[Start of Attachment]
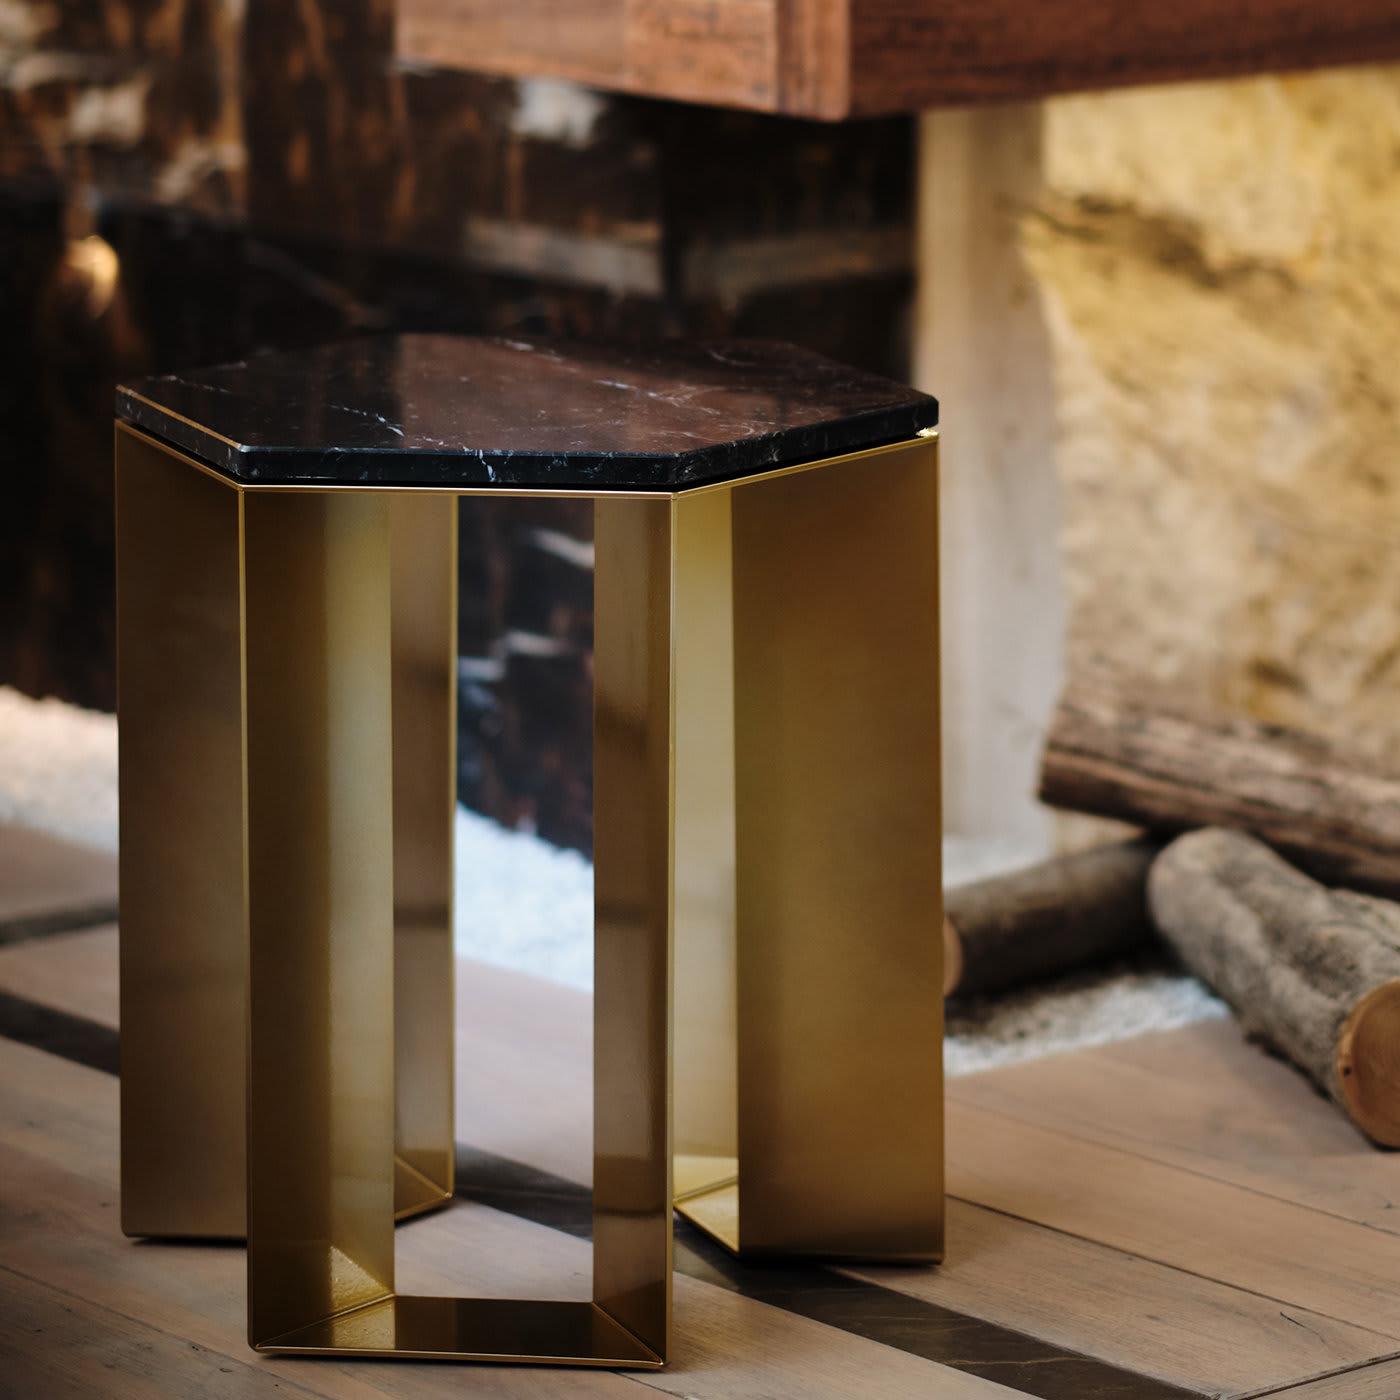 Elegante en su diseño sencillo y equilibrado, esta mesa auxiliar pertenece a una refinada serie creada por el artista Antonio Saporito para interiores contemporáneos. Limpia y esencial, presenta una base de metal lacado en tono dorado compuesta por
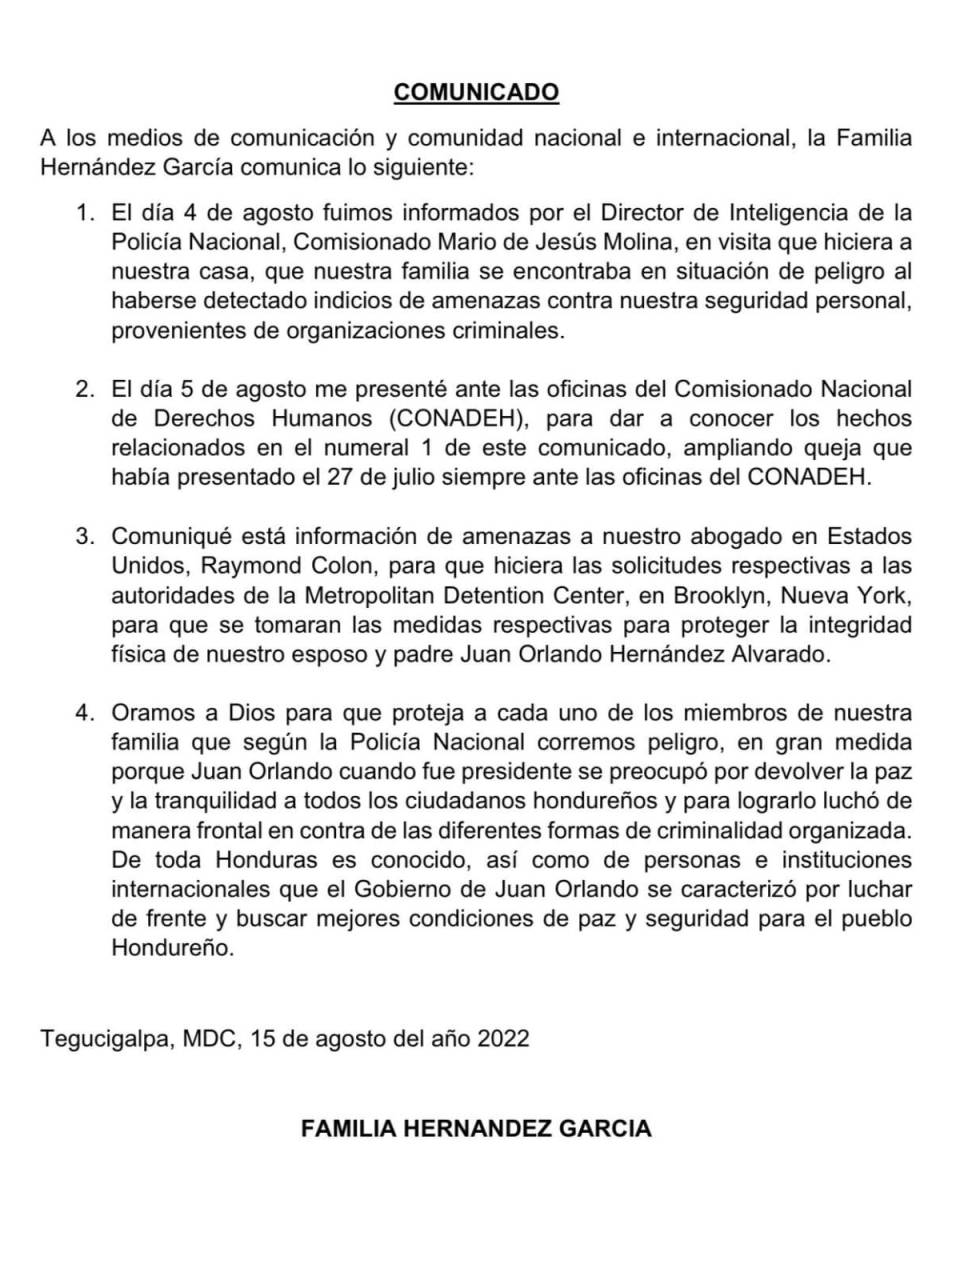 El comunicado publicado por la familia Hernández García ante las supuestas amenazas.
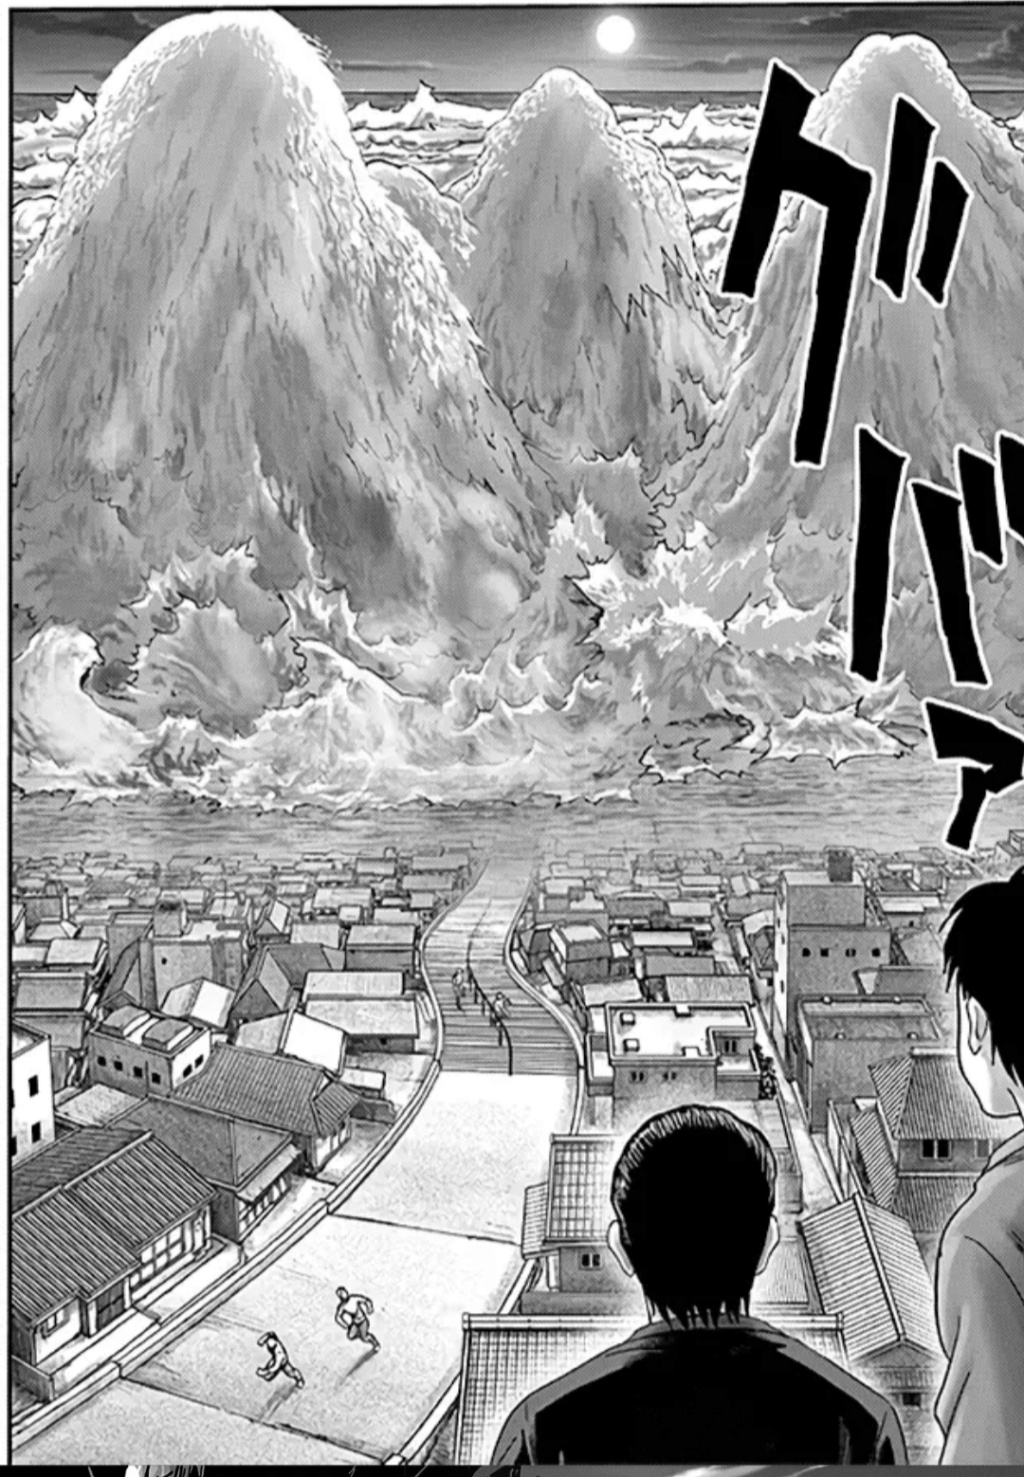 Quem no universo de Naruto seria capaz de derrotar Tatsumaki? - Página 3 Img_2066
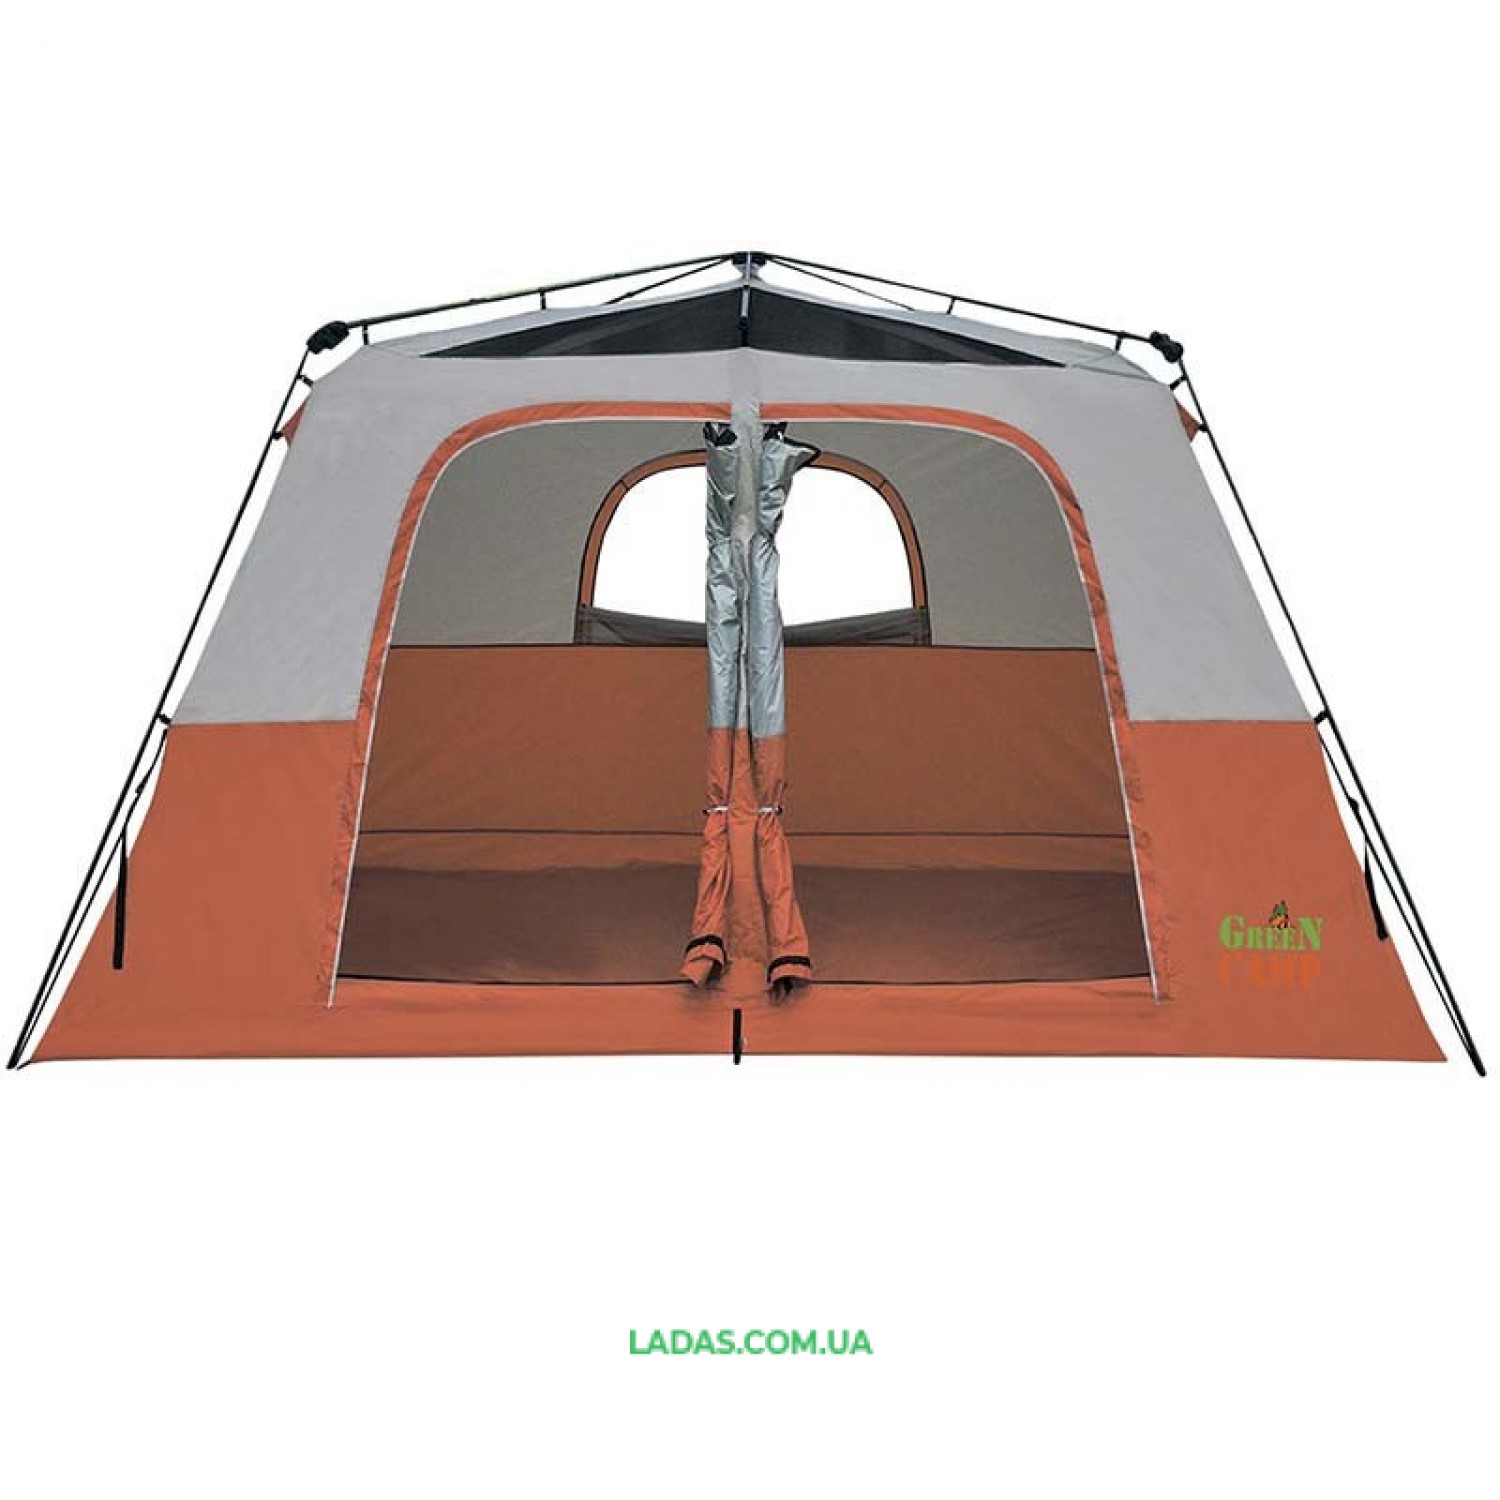 Палатка 6-ти местная GreenCamp GC1610, автомат(р-р 390 х 270 х 180/210 см, оранжевый)
[End of Attachment]
Exercise requirements: Pictures aside, reproduce the listing above exactly.

Response:
 Elegante en su diseño sencillo y equilibrado, esta mesa auxiliar pertenece a una refinada serie creada por el artista Antonio Saporito para interiores contemporáneos. Limpia y esencial, presenta una base de metal lacado en tono dorado compuesta por
 El comunicado publicado por la familia Hernández García ante las supuestas amenazas.
 Quem no universo de Naruto seria capaz de derrotar Tatsumaki? - Página 3 Img_2066
 Палатка 6-ти местная GreenCamp GC1610, автомат(р-р 390 х 270 х 180/210 см, оранжевый)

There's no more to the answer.